I lay in bed with Deanna, Deanna already starting to doze even though it couldn’t be much past nine. Those twenty-six third graders take a lot out of her—and now this, what would this take out of her? If she knew, that is—if she found it. If I broke down and told her, not breaking my promise to Lucinda, not exactly, not telling the police. Just her.

Then I wouldn’t have to give Vasquez his money, would I? Unless . . .

Unless Vasquez threatened to tell someone else. Unless he said, Fine, your wife knows — great, but Lucinda’s husband — he doesn’t. Lucinda’s husband, whom she’d sworn would never know, no matter what, never know she’d gone to a hotel room with another man to have sex and ended up having more sex than she’d bargained for.

If I can manage it, then you can, Lucinda had said to me.

I owed her that, didn’t I? After letting another man rape her—after sitting there and watching another man rape her? We were in this together.

Besides, I could fantasize all I wanted about telling Deanna, but the truth was, I could no more imagine telling Deanna what I’d been up to than I could imagine telling Anna. I could rehearse the very words; I could imagine the burden being lifted. See? No burden. But it was make-believe — it wasn’t real.


After Deanna was safely asleep, I went upstairs to the attic to rummage through our file cabinet. Under A for Anna’s Fund.

Only to find it, I had to wade through a few other things first, the file cabinet having surrendered over the years to general disorganization and chaos. High school diplomas, college degrees, birth certificates—a record, more or less, of us. The Schines. Milestones, achievements, life-changing events. A tiny pair of footprints courtesy of Anna Elizabeth Schine. A degree from Anna’s kindergarten. And farther back — a marriage certificate. “Charles Schine and Deanna Williams.” Promising to love and honor — a promise I’d callously discarded in a downtown hotel.

There was a surreal quality to taking my stock certificates out of the file cabinet in order to pay off a rapist. There was no manual for this sort of situation, no self-help books promising to make it all better.

On the way out of the den, I passed Anna’s room — a sleeping Anna bathed in moonlight, or was it simply her night-light? She’d begun plugging it into the wall again soon after she’d gotten sick. Because she was suddenly scared to death to be alone in the dark. Because she worried she’d wake up hypoglycemic and wouldn’t be able to find her sugar tablets — or maybe that she wouldn’t wake up at all.

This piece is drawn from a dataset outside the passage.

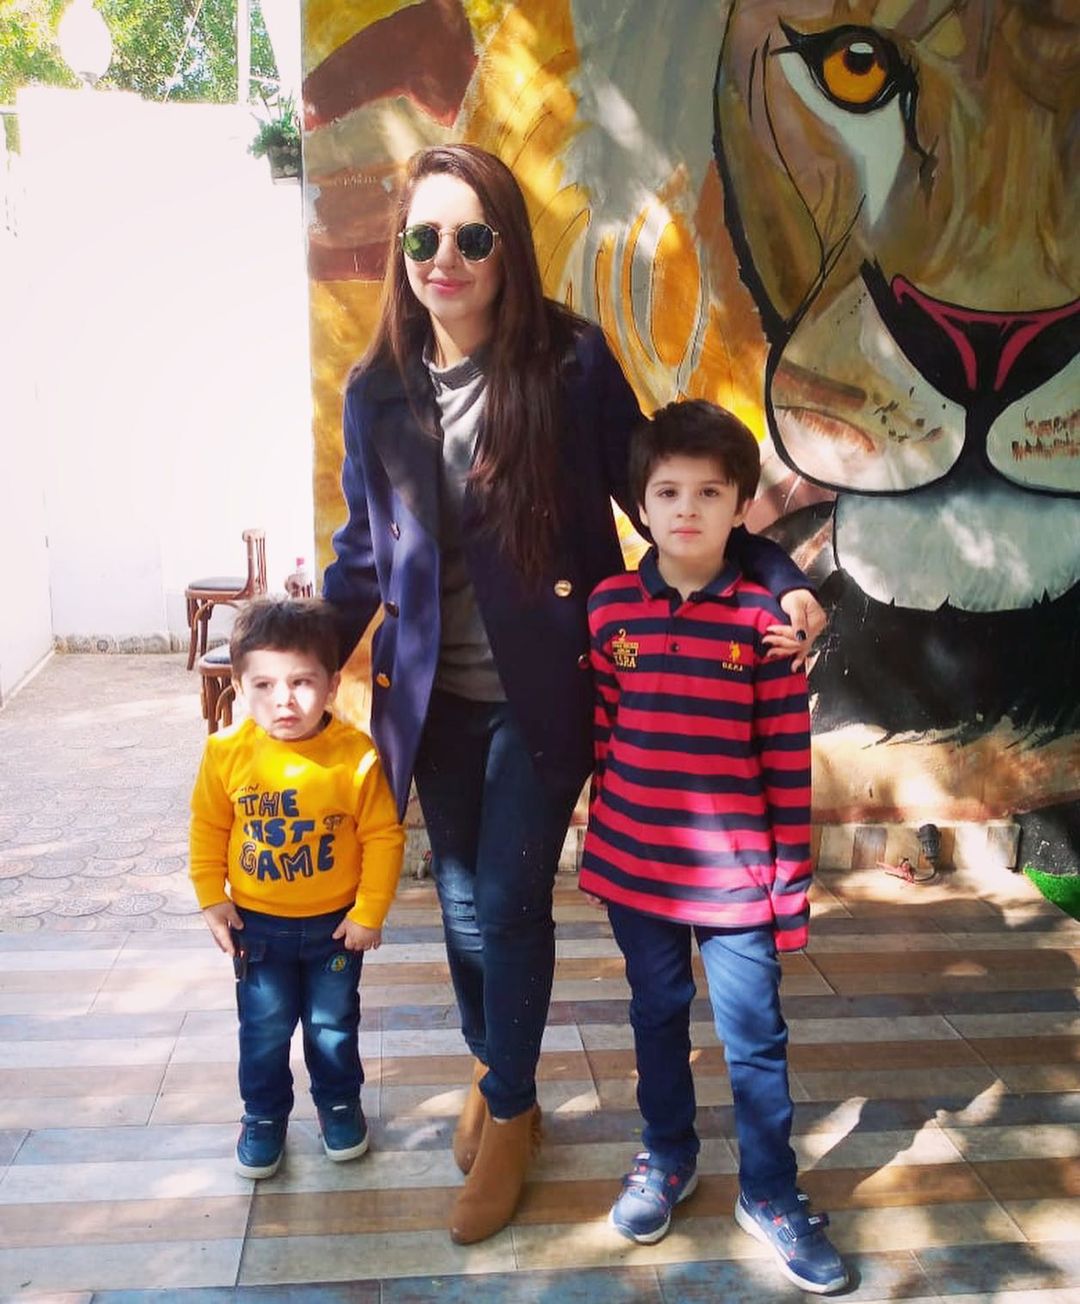 Kanwar Arsalan and Fatima Effendi with Family - New Pictures
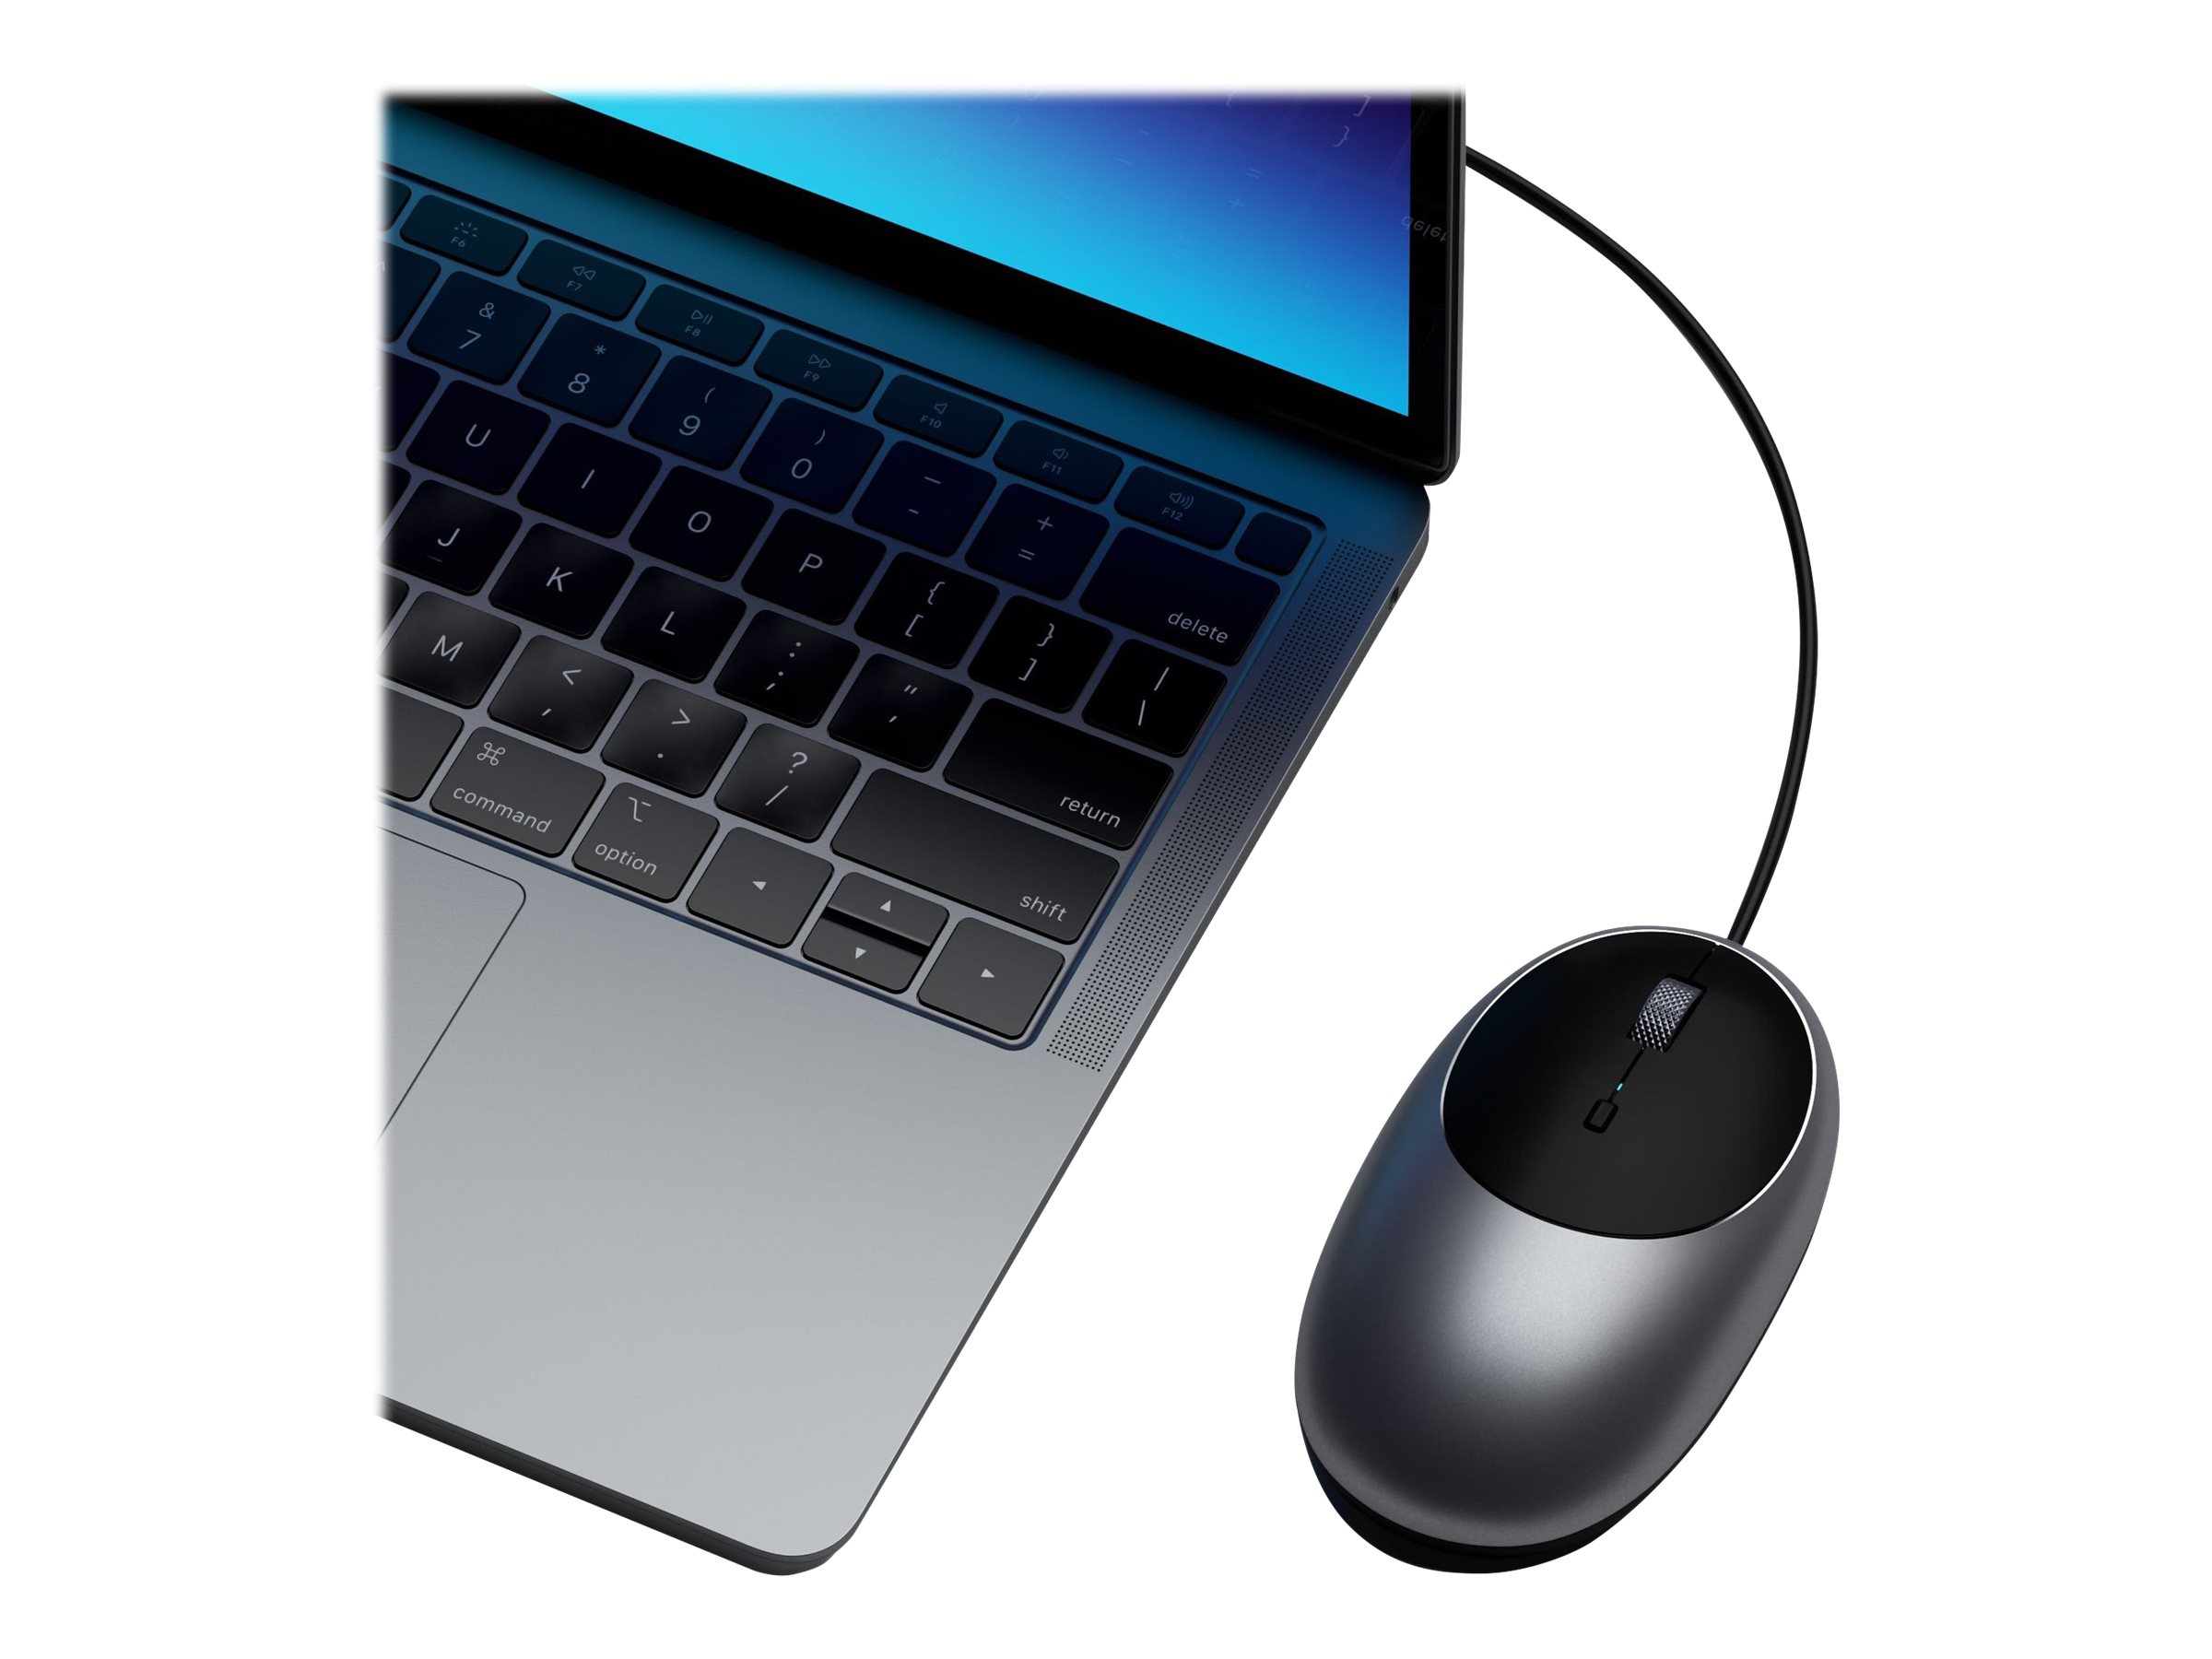 Satechi C1 USB-C Wired Mouse - Black - ST-AWUCMM

Sleep seemed to relieve her of all her anger and sadness, I thought.

I tiptoed in and leaned over her bed. Her breath brushed against my face like butterfly wings (remembering now how I’d once pinched a monarch’s wings between my thumb and forefinger to show it to a four-year-old Anna before carefully placing it into a cleaned-out jelly jar). I planted a kiss on one cool cheek. She stirred, groaned slightly, turned over.

I went downstairs and slipped the stock certificates into my briefcase.